BEGIN
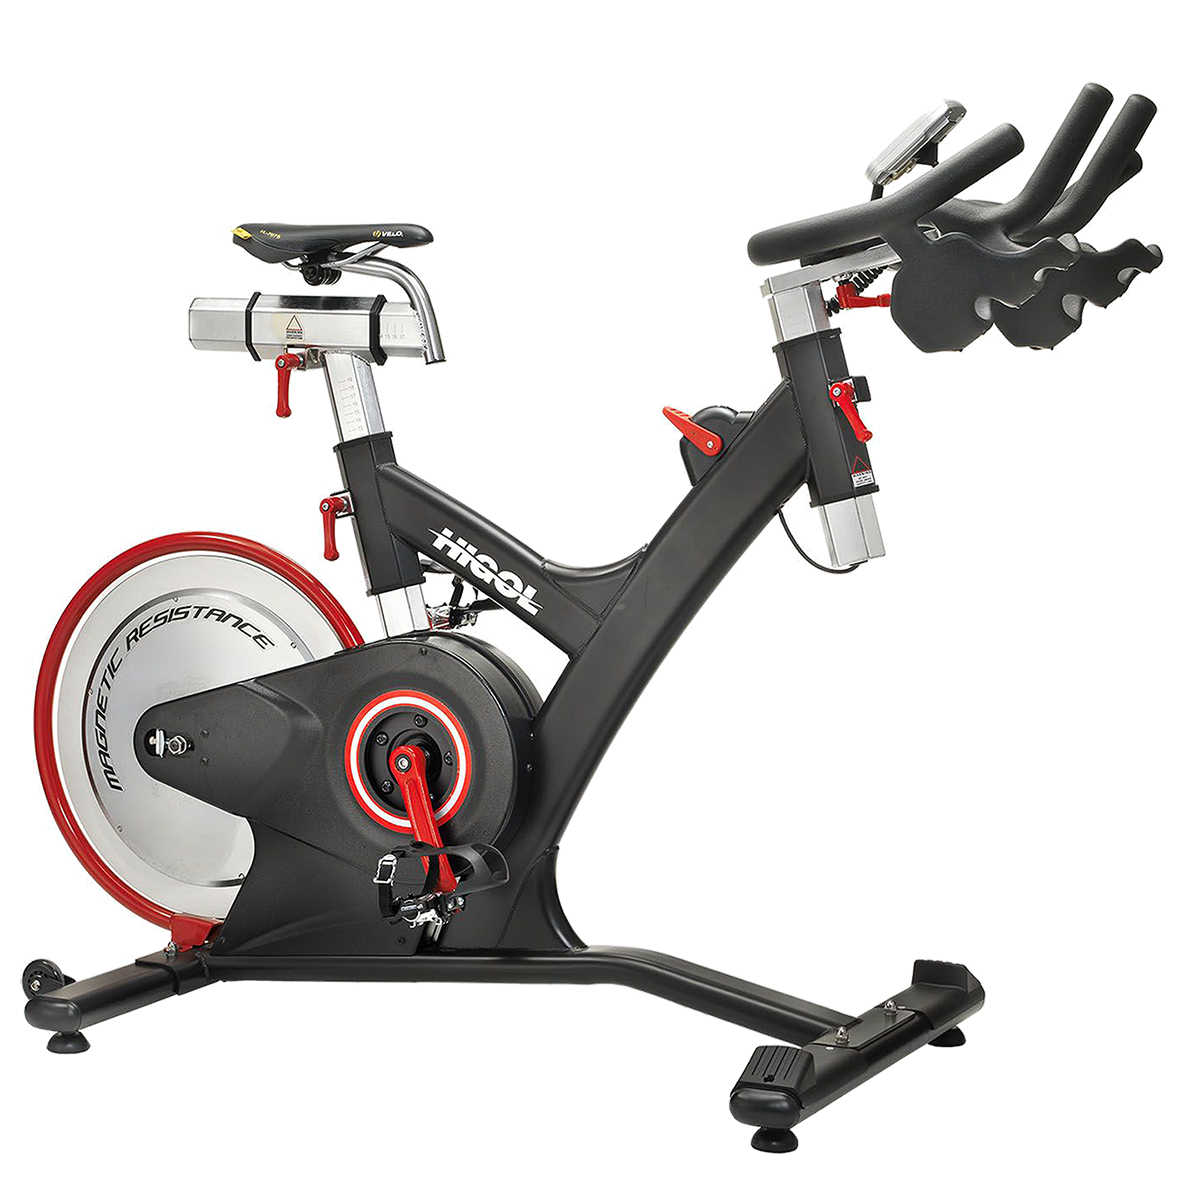 HRM-72
Best Fitness Equipment.
Smooth and quiet for comfortable riding.
Rear drive magnetic brake system
Magnetic Resistance Bike
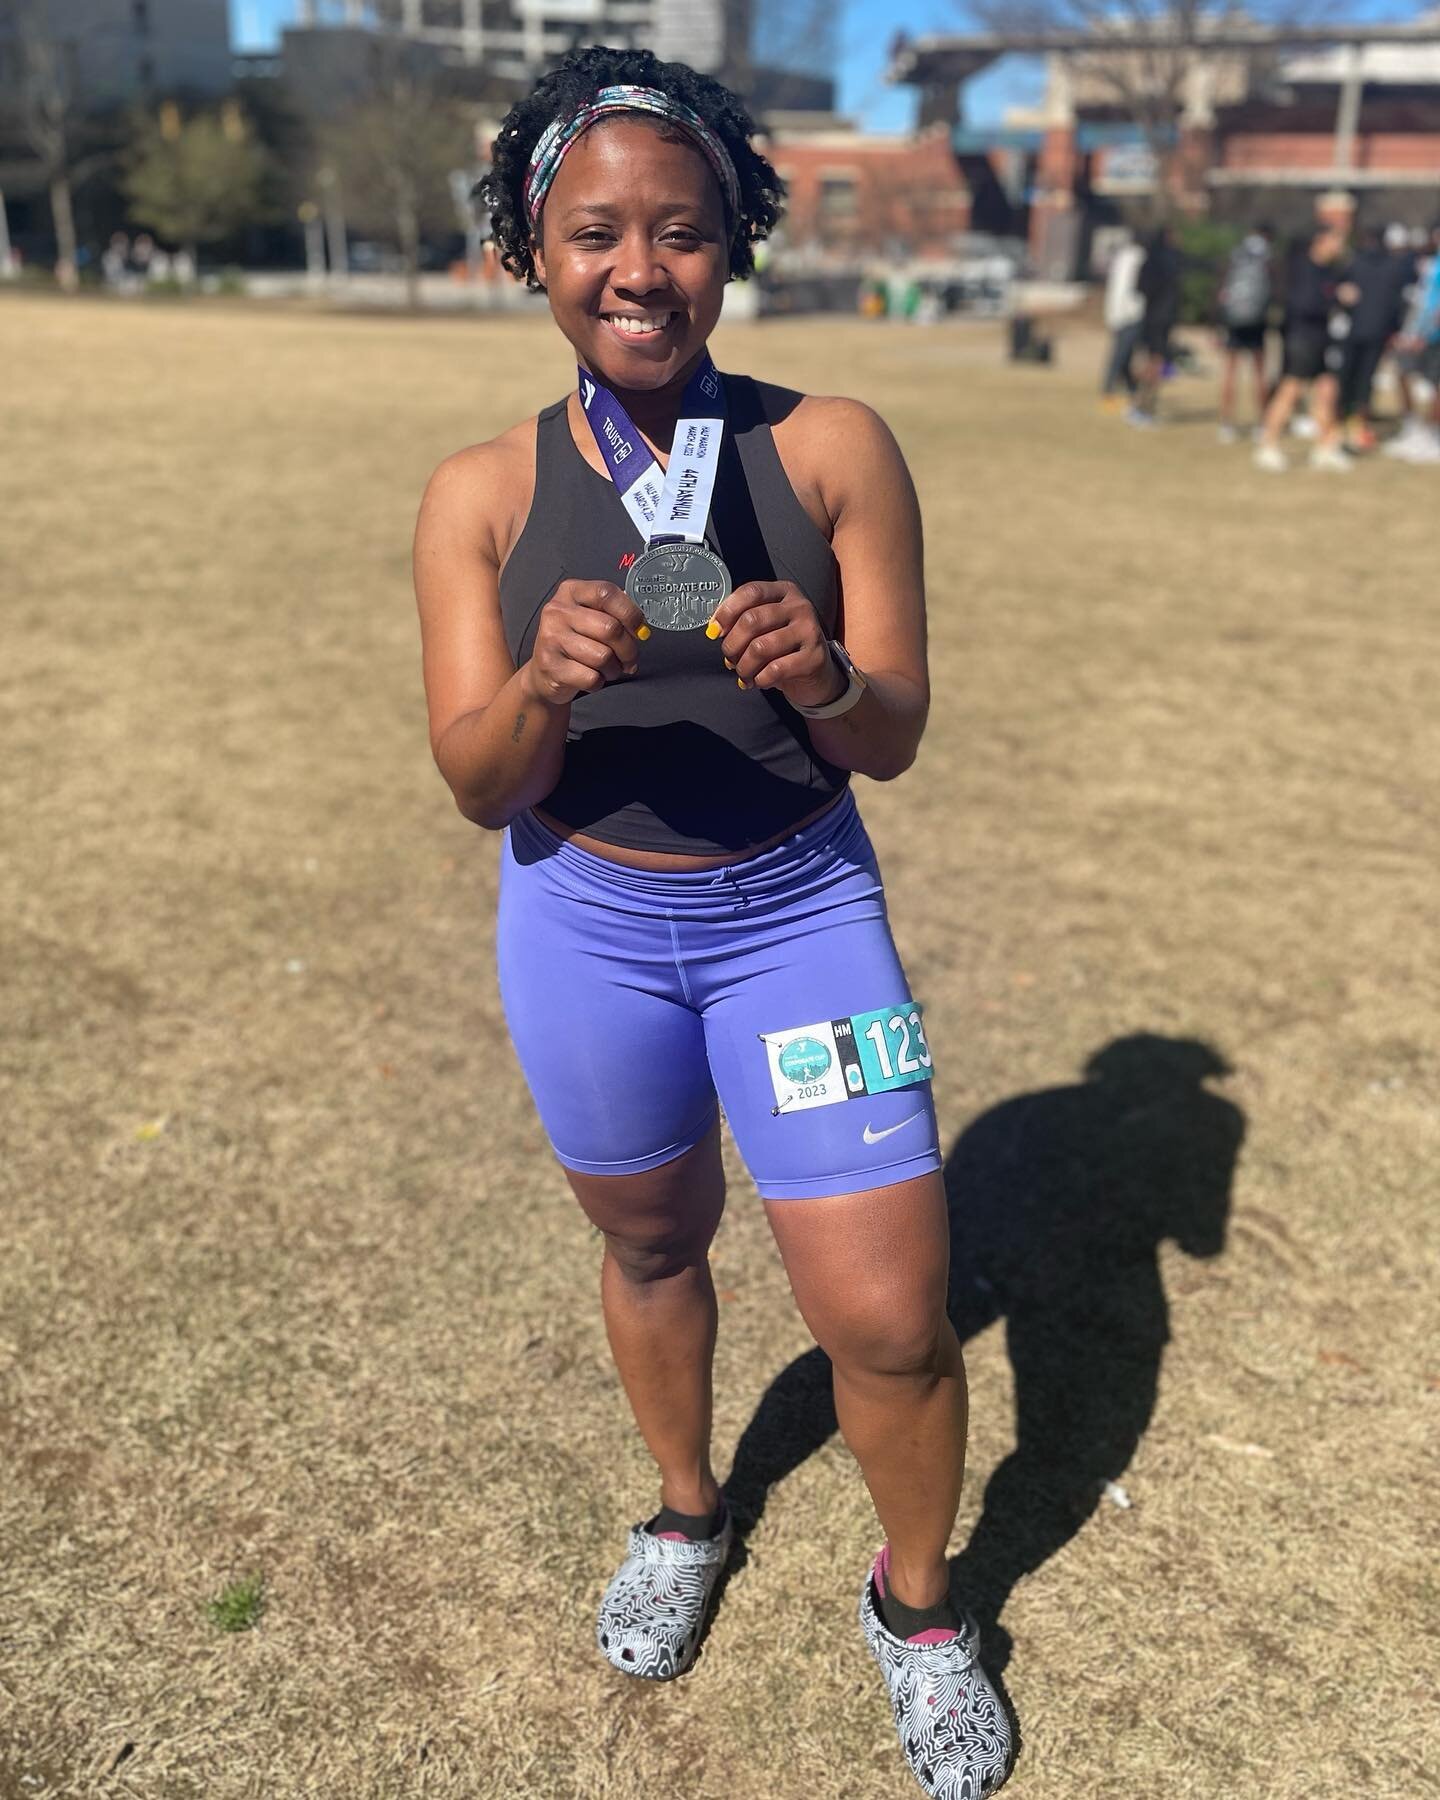 &ldquo;You don&rsquo;t become what you want, you become what you believe.&rdquo;
― Oprah Winfrey

Would I have imagined running a half marathon last year, No.

Would I have imagined that running would be part of my self-care, No.

I started running d
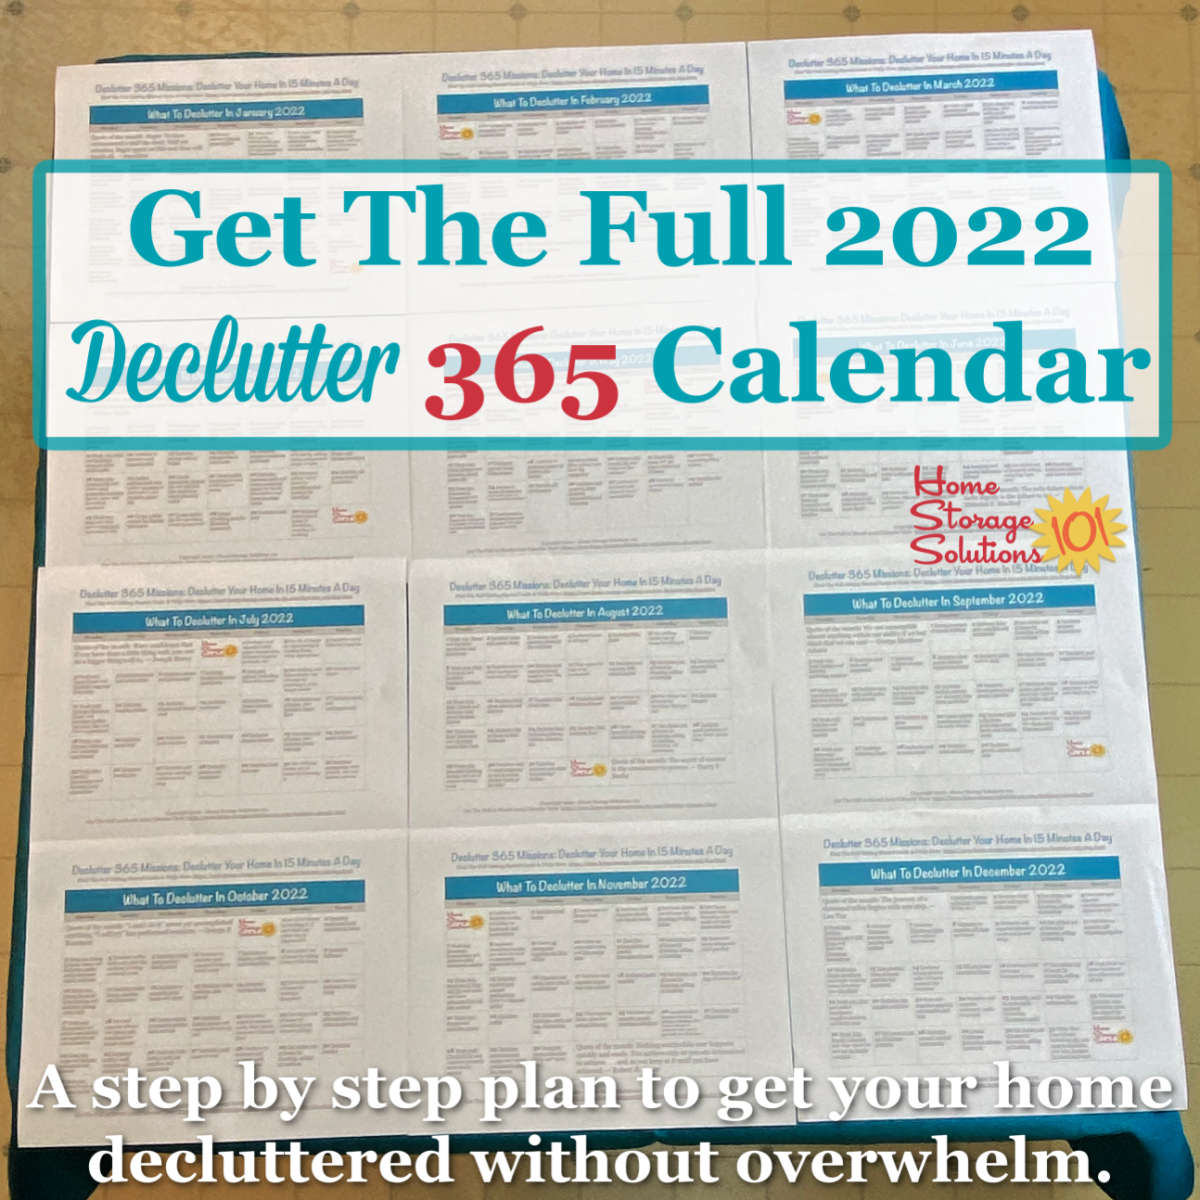 Get the full 2022 Declutter 365 calendar, a step by step plan to get your home decluttered without overwhelm {on Home Storage Solutions 101} #Declutter365 #DeclutteringHome #DeclutterTips
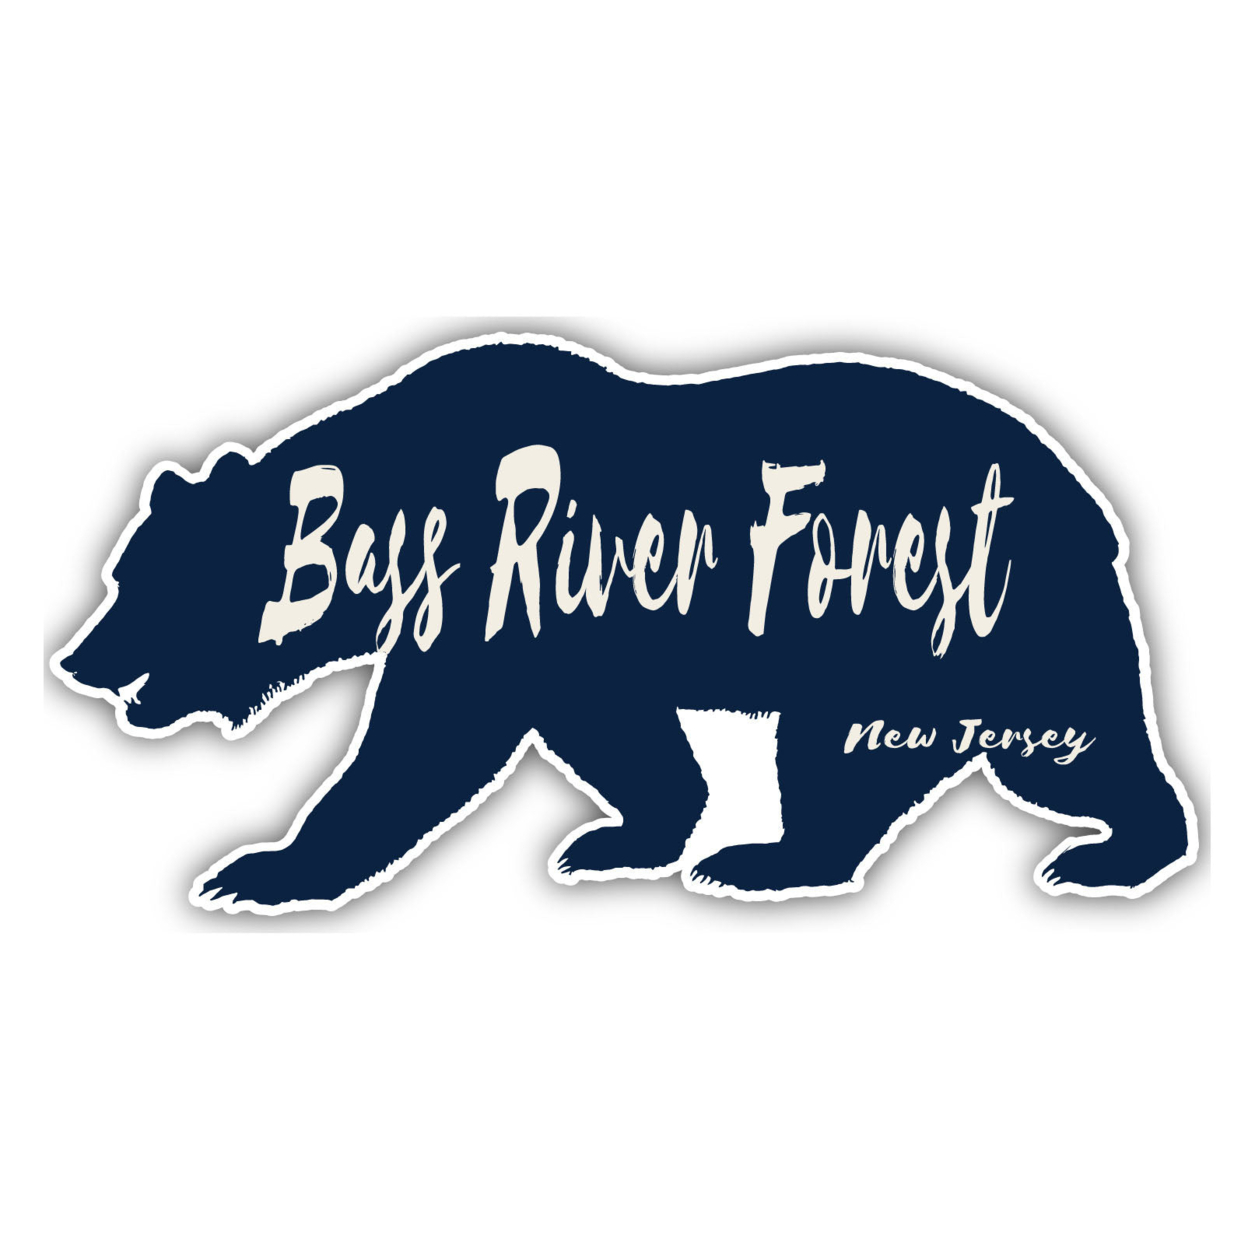 Bass River Forest New Jersey Souvenir Decorative Stickers (Choose Theme And Size) - 4-Pack, 12-Inch, Bear
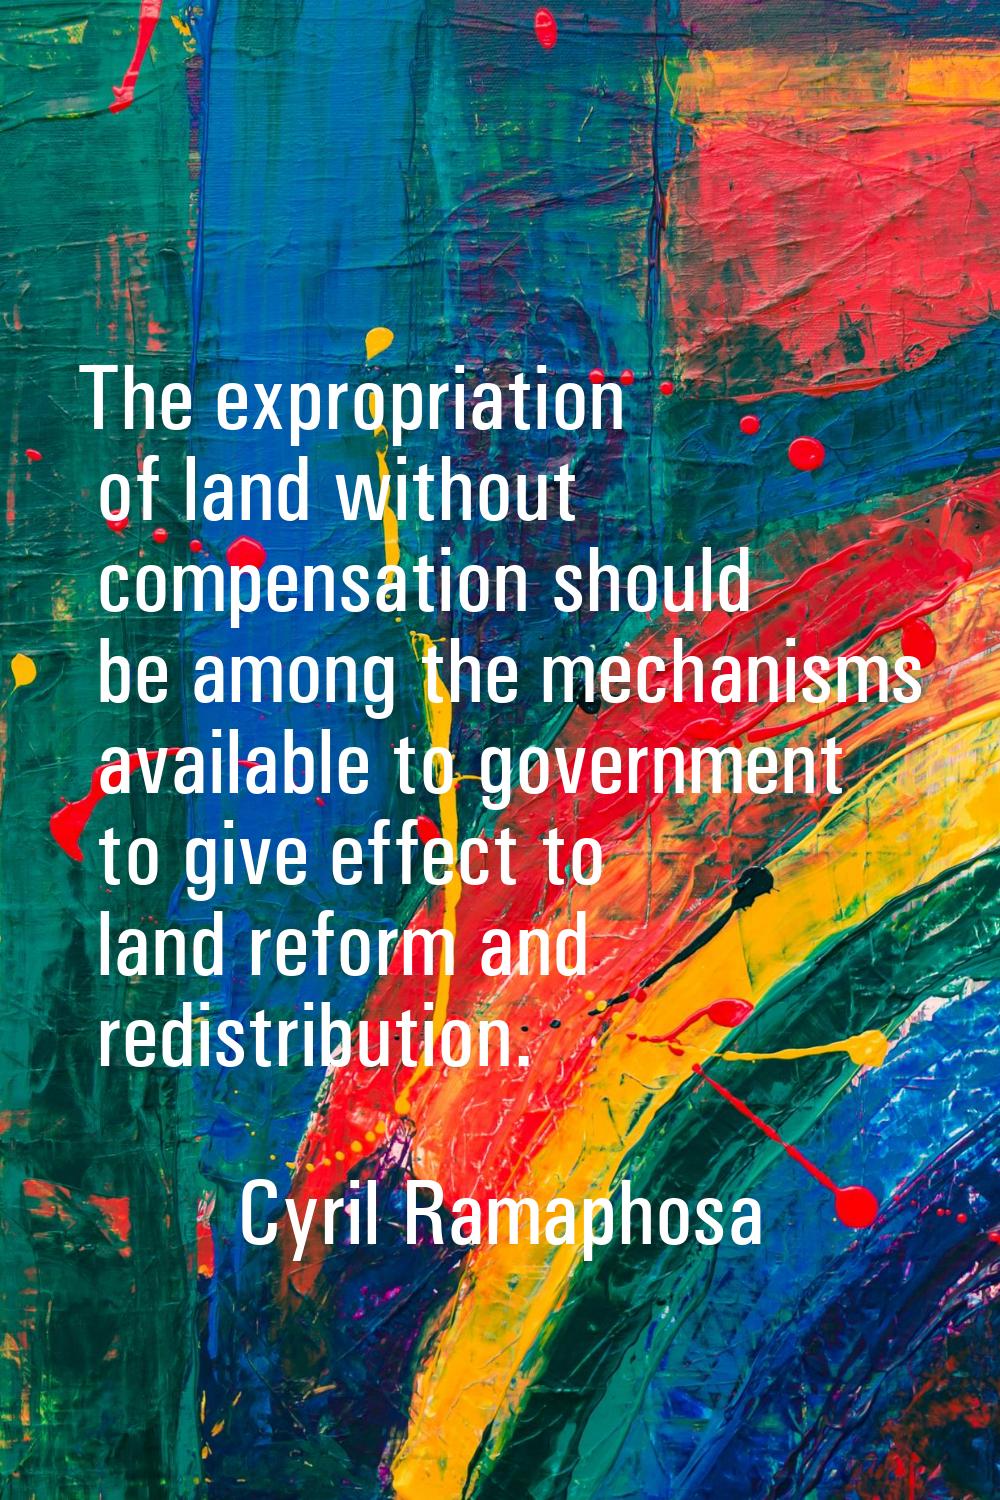 The expropriation of land without compensation should be among the mechanisms available to governme
END
### What you will do
Skip the pictures. Write out exactly the lines from the one with "I started running d" through the last line of the listing, both ends included, and nothing more.

### Result for this exercise
I started running d
 Get the full 2022 Declutter 365 calendar, a step by step plan to get your home decluttered without overwhelm {on Home Storage Solutions 101} #Declutter365 #DeclutteringHome #DeclutterTips
 Bass River Forest New Jersey Souvenir Decorative Stickers (Choose Theme And Size) - 4-Pack, 12-Inch, Bear
 The expropriation of land without compensation should be among the mechanisms available to governme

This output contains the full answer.